ROS production was measured in serum-treated primary Sertoli cells cultures using DCFDA/H2DCFDA-Cellular ROS Assay Kit (ab113851, Abcam) according to the manufacturer’s instructions. Fluorescence was measured immediately, then after 10, 30, and 60 min on a NOVOStar Microplate reader (BMG Labtech). The experiment was run in triplicates, which were averaged for each time point.

DNA and RNA extraction

For sorted Sertoli cells obtained from adult males, DNA and RNA were extracted using the AllPrep DNA/RNA/miRNA universal Kit (Qiagen) according to the manufacturer’s instructions.
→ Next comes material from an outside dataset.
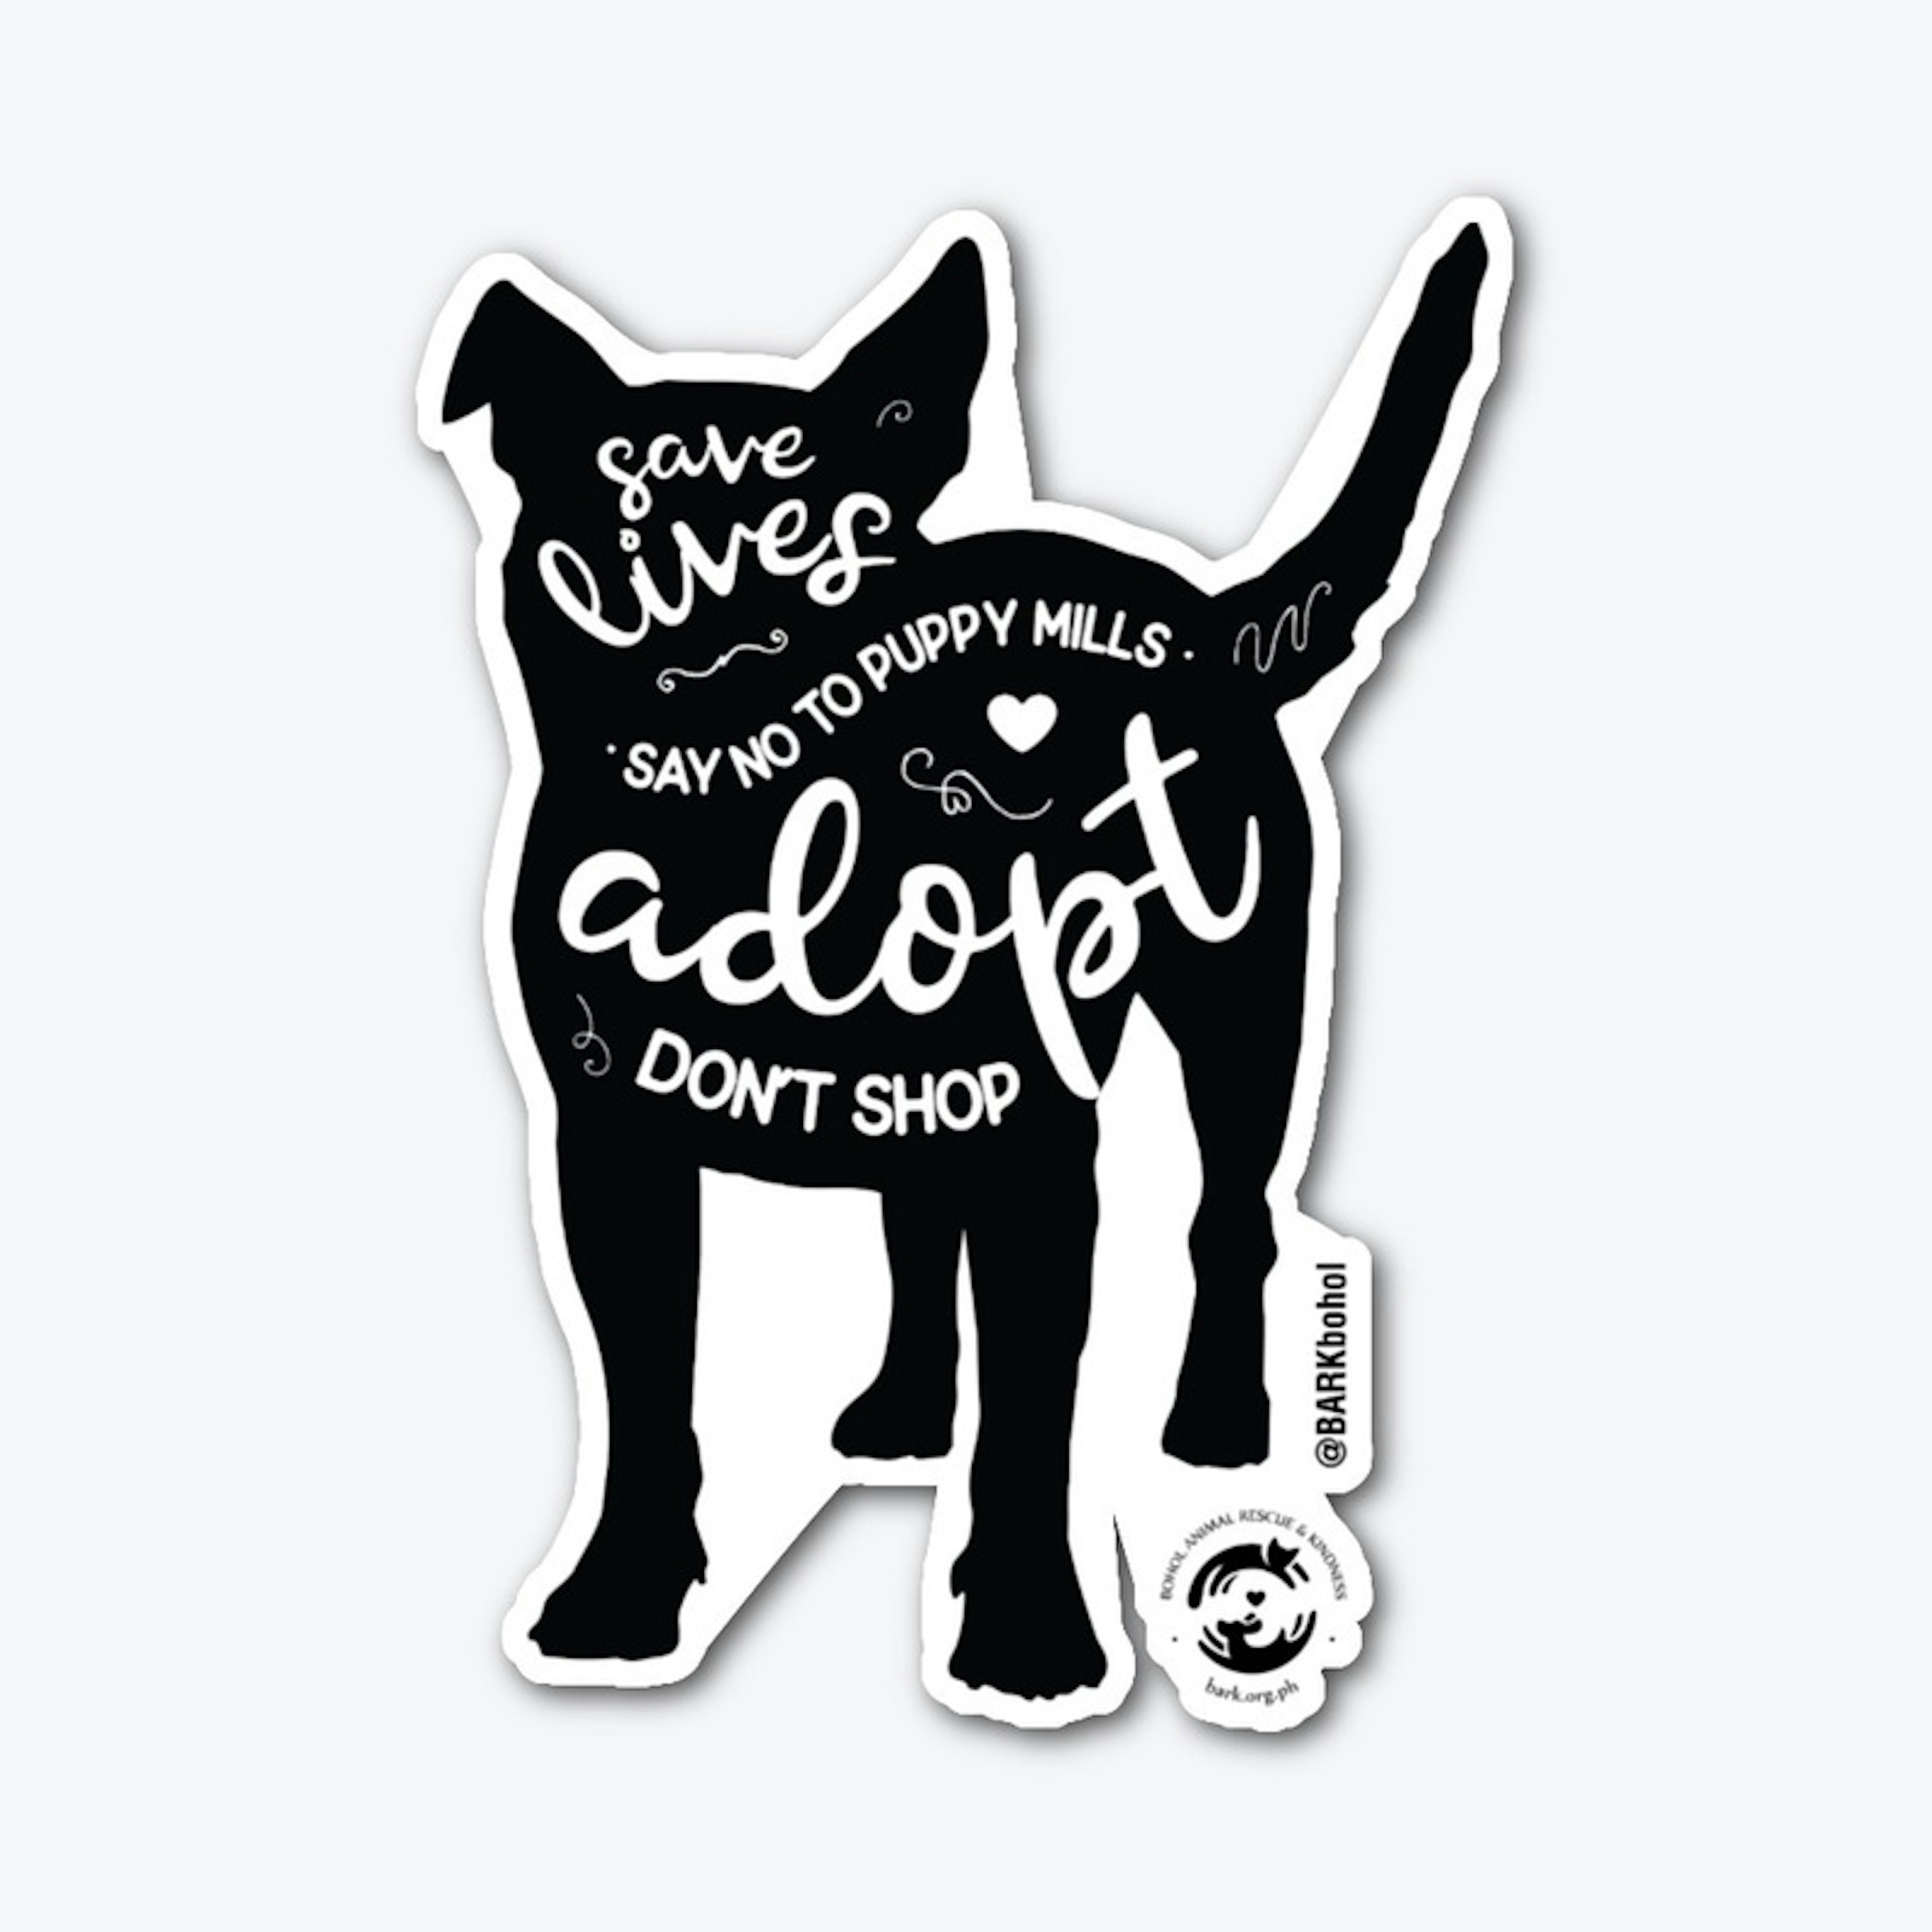 Adopt Don't Shop - Doggo

For cultured cells harvested in TRIzol (Thermo Fisher Scientific), a phenol/chloroform extraction method was used to prepare RNA.

RNA sequencing

RNA samples were run on a Bioanalyzer (Agilent) at a concentration of 1.5 ng/μl using the eukaryote total RNA pico series II assay (Agilent) to assess RNA integrity. Libraries for RNA sequencing were prepared from 5 ng RNA/sample using the SMARTer Stranded Total RNA-Seq Kit v2 - Pico Input Mammalian (Takara) according to the manufacturer’s instructions using 12 PCR cycles for amplification. DNA concentration of libraries was determined using Qubit dsDNA HS Assay Kit, and libraries were diluted to 1.5 ng/μl, then run on a Bioanalyzer (Agilent) using the High Sensitivity DNA Assay Protocol (Agilent) for quality control. Libraries were sequenced on an Illumina NovaSeq instrument, single-end at 100 bp.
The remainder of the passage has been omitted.